The world was both created and continues to be renewed – for each and every individual.  In other words, one of the underlying themes of the Alter that were repeated many times was that even for the sake of each individual person – this world have been been created (222, 521, 530).  He created the world for the ideal of freedom of choice; Hashem knew that Adam HaRishon would sin – but He created it for this point of bechira (231, 274, 604).


The Alter was of the position that even after Adam HaRishon’s fall, mankind can still be on a very lofty, Divine level (636, 656, 573, 713).  Indeed, he held that it was still possible for man to reach the lofty level of Adam haRishon – before his fall (275, 900). Man’s greatness is still retained, and man will be punished for not having realized this greatness (428, 796).

Man has remarkable kochos – unimaginable strengths and abilities (879).  This is why there is an obligation of emulating Hashem – because we have such a capacity. Man has the capability of seeing from corner of the universe to the other (p. 240).  That is why the Gemorah tells us: Just as He is merciful, so too must you be merciful. Just as He is kind, so too must you be kind.

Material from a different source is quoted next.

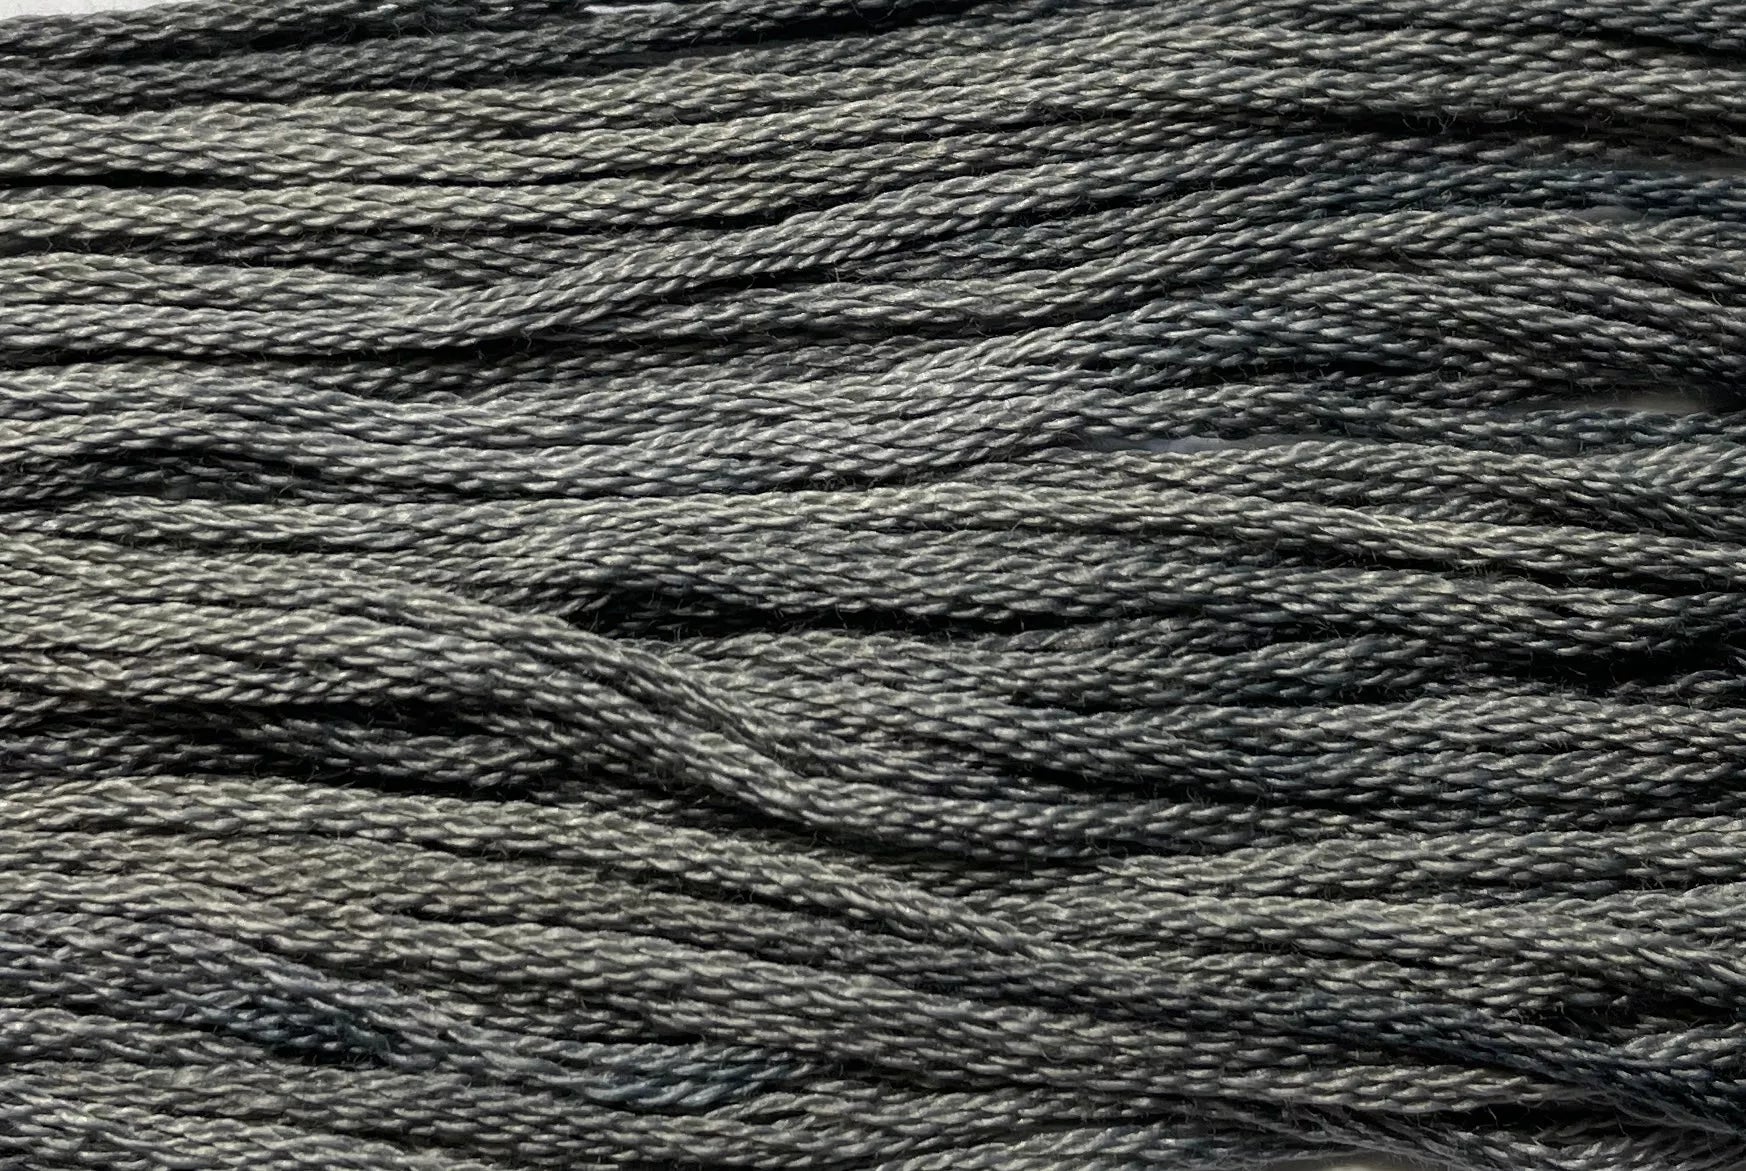 Soot - Gentle Arts Cotton Thread - 5 yard Skein - Cross Stitch Floss, Thread & Floss, Thread & Floss, The Crafty Grimalkin - A Cross Stitch Store
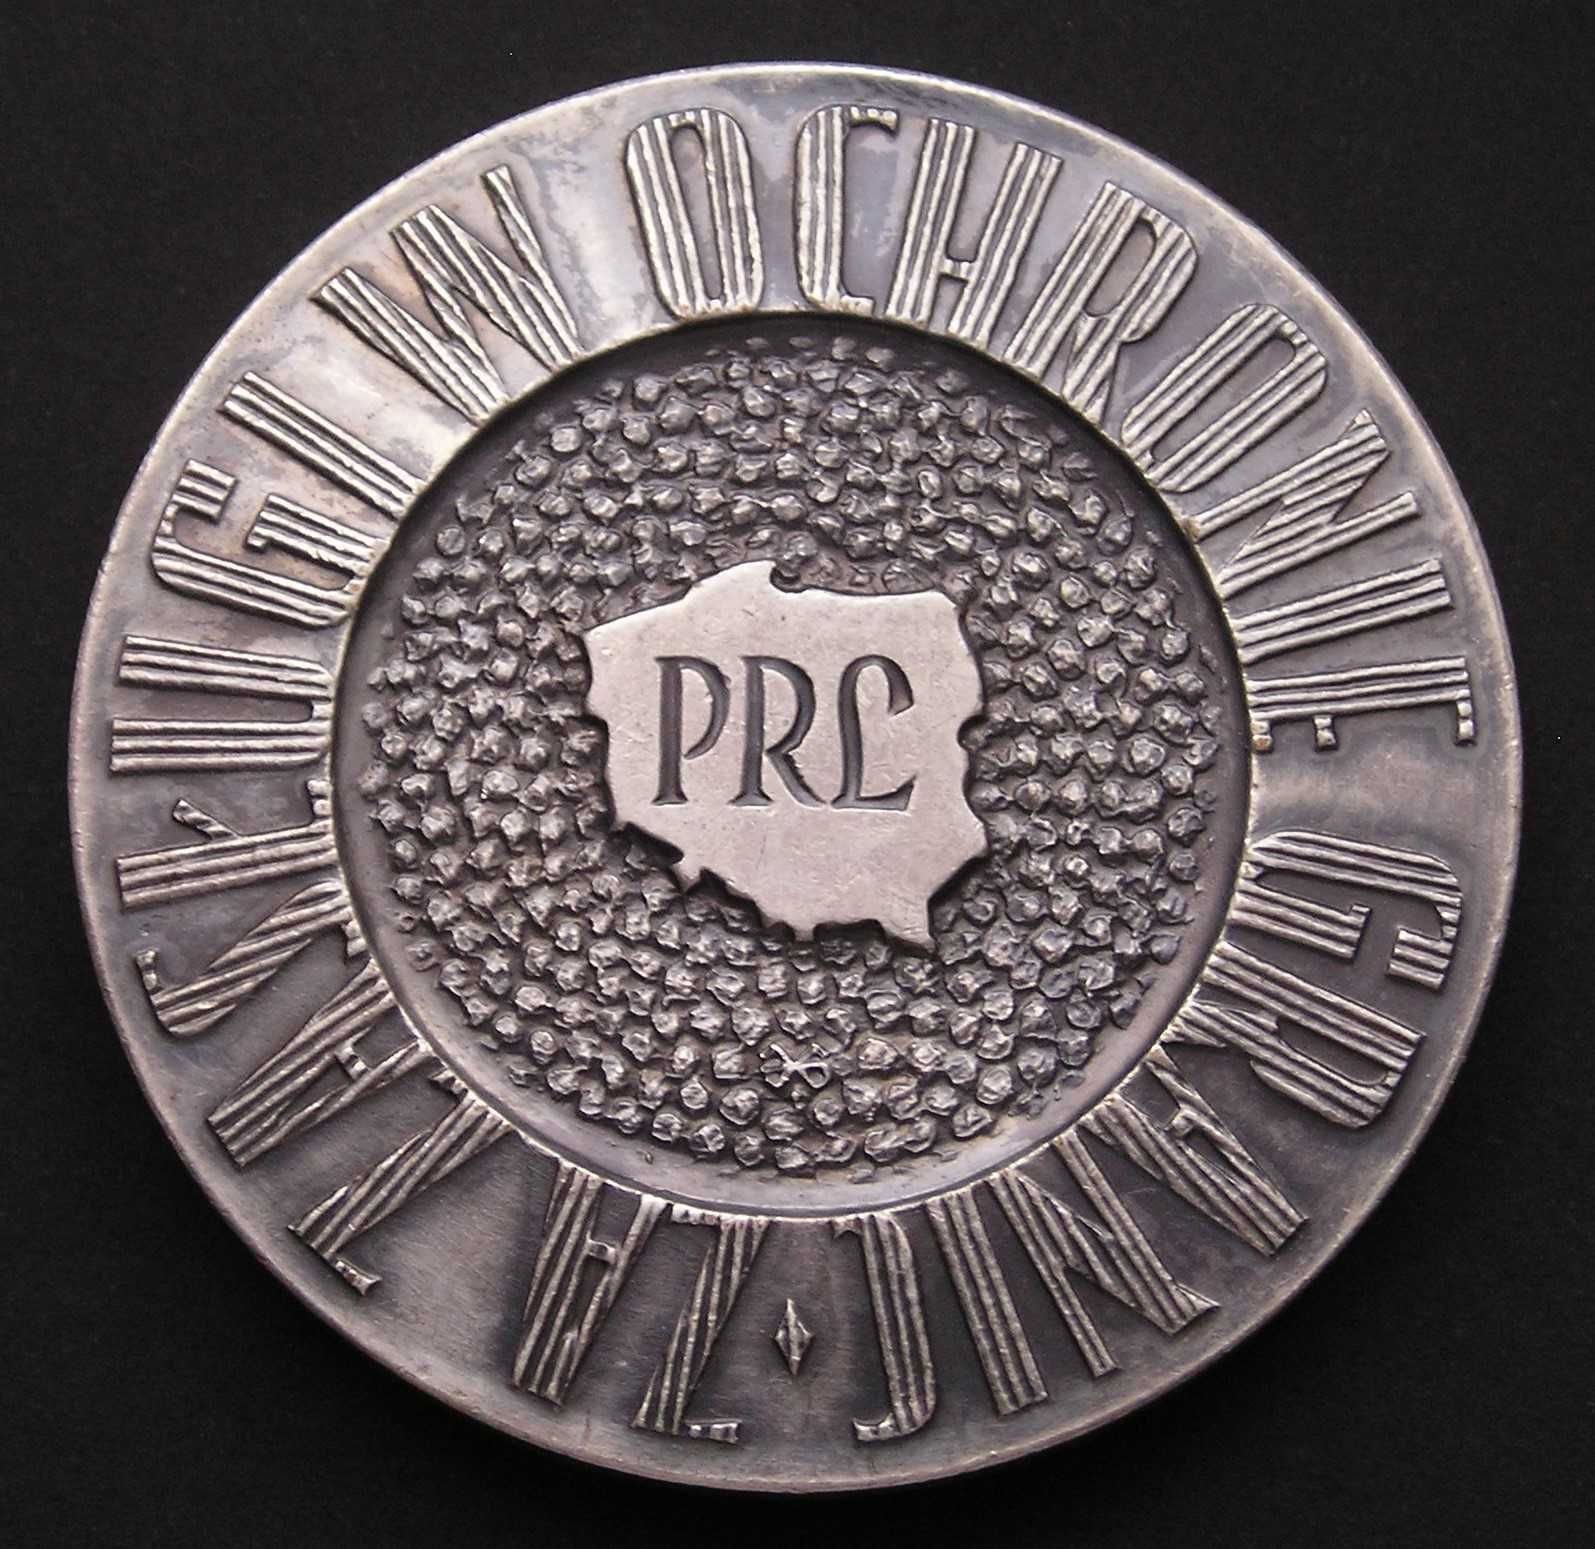 Polska medal WOP 1970 - Za zasługi w ochronie granic

Someone noticed that the Alter used to fast frequently, and discovered that he would fast whenever he saw a student not succeeding in his learning and growth. When asked why he did so, the Alter responded, “If one truly understood that each student is a ben melech – there is no other choice.” (Darchei Mussar p.221)

There is no question that the topography of today’s Torah world would have been vastly different were it not for the vision and hard work of the Alter of Slabodka and his conception of Gadlus HaAdam.  It is clear that this was not just a means of providing a different option – other than Haskallah.  It was a hashkafa that rebuilt the Torah world.  There are hundreds of Yeshivos across the country and across the world, that are institutional descendants of the Alter of Slabodka.  A major component of his influence upon the world was his conception of Gadlus HaAdam.